With the support of the BRC, Meneka has worked on projects including the longitudinal study, “Cognitive fMRI: surgery in temporal lobe epilepsy”, with novel descriptions of post-surgical plasticity in memory and language networks; “Improving the precision of presurgical functional imaging” (in collaboration with UCL Centre for Medical Image Computing-Prof Geoff Parker); and the “Development of resting state fMRI protocols, using hyperband imaging in people with epilepsy”.
Meneka has worked with research assistant, Ms Amrita Gupta, on a clinical service evaluation looking at the “short and longer term complications of invasive EEG recordings”. This has forged the basis of an imaging study to study regional and remote brain atrophy associated with cognitive and behavioural effects in people who have had invasive EEG but did not proceed to surgery.

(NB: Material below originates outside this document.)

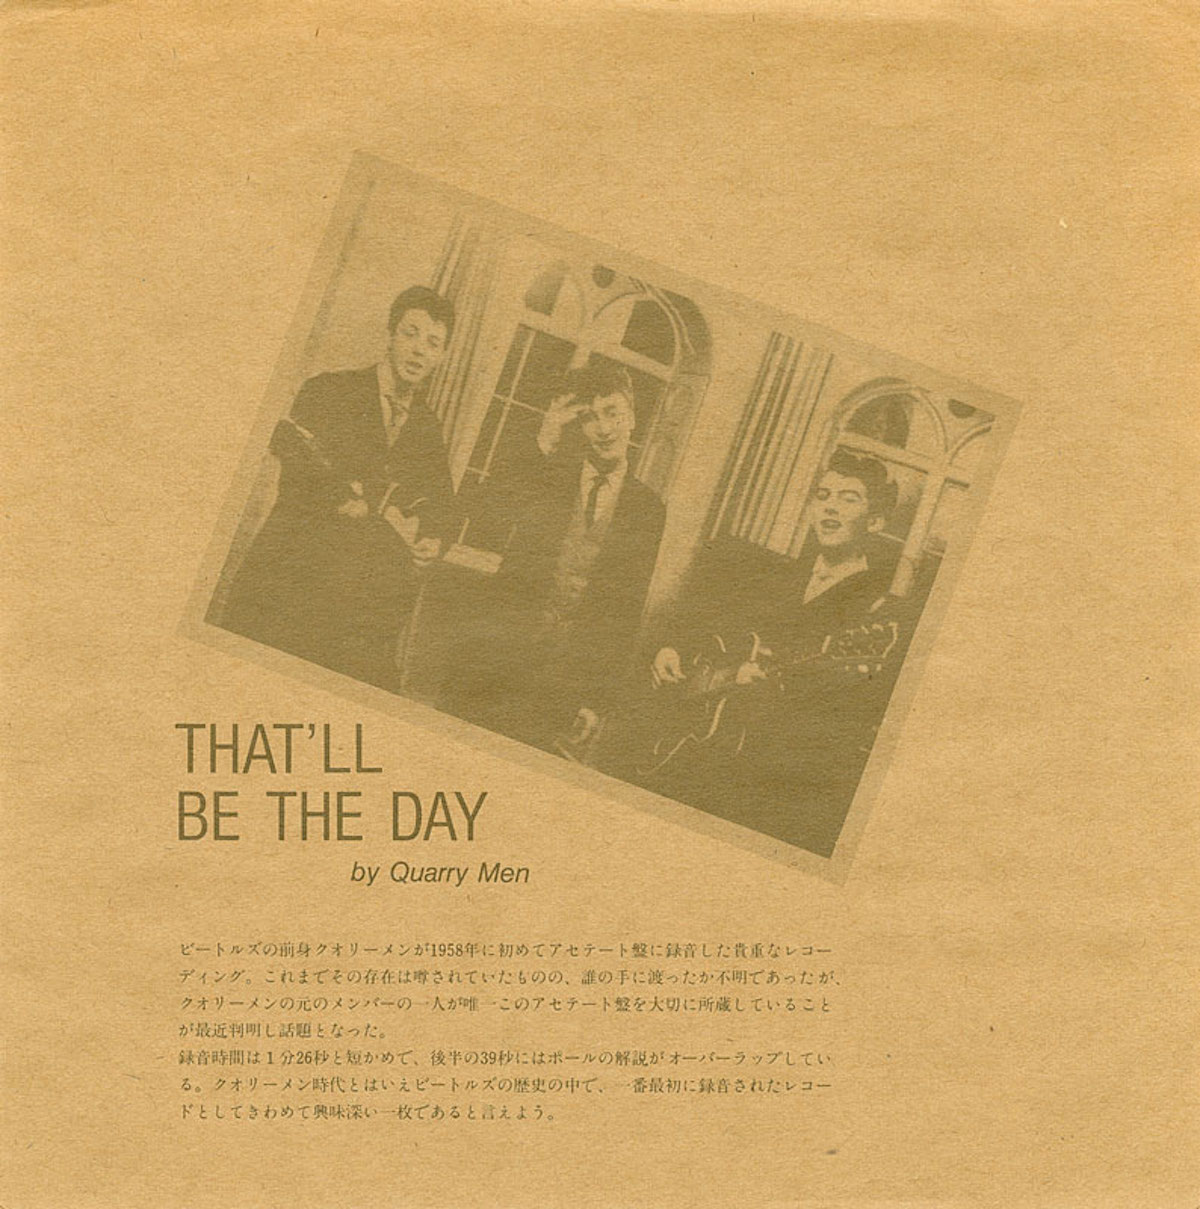 THAT’LL BE THE DAY/ IN SPITE OF ALL THE DANGER THE QUARRYMEN ЦЕНА: $180- 200 ТЫС. ГОД ИЗДАНИЯ: 1958

Meneka has recently secured MRC-CARP funding to describe and predict outcomes following less invasive studies for refractory focal epilepsy, including LITT, which is now available at Kings College Hospital.
Umesh Vivekananda

Dr Umesh Vivekananda was supported by the BRC between 2023-2024. He has contributed to the key theme of advancing the use of optically pumped magnetoencephalography (MEG) in the management of epilepsy. He has recently been awarded a Wellcome Career Development Award towards “Understanding the neural mechanisms of anhedonia in epilepsy.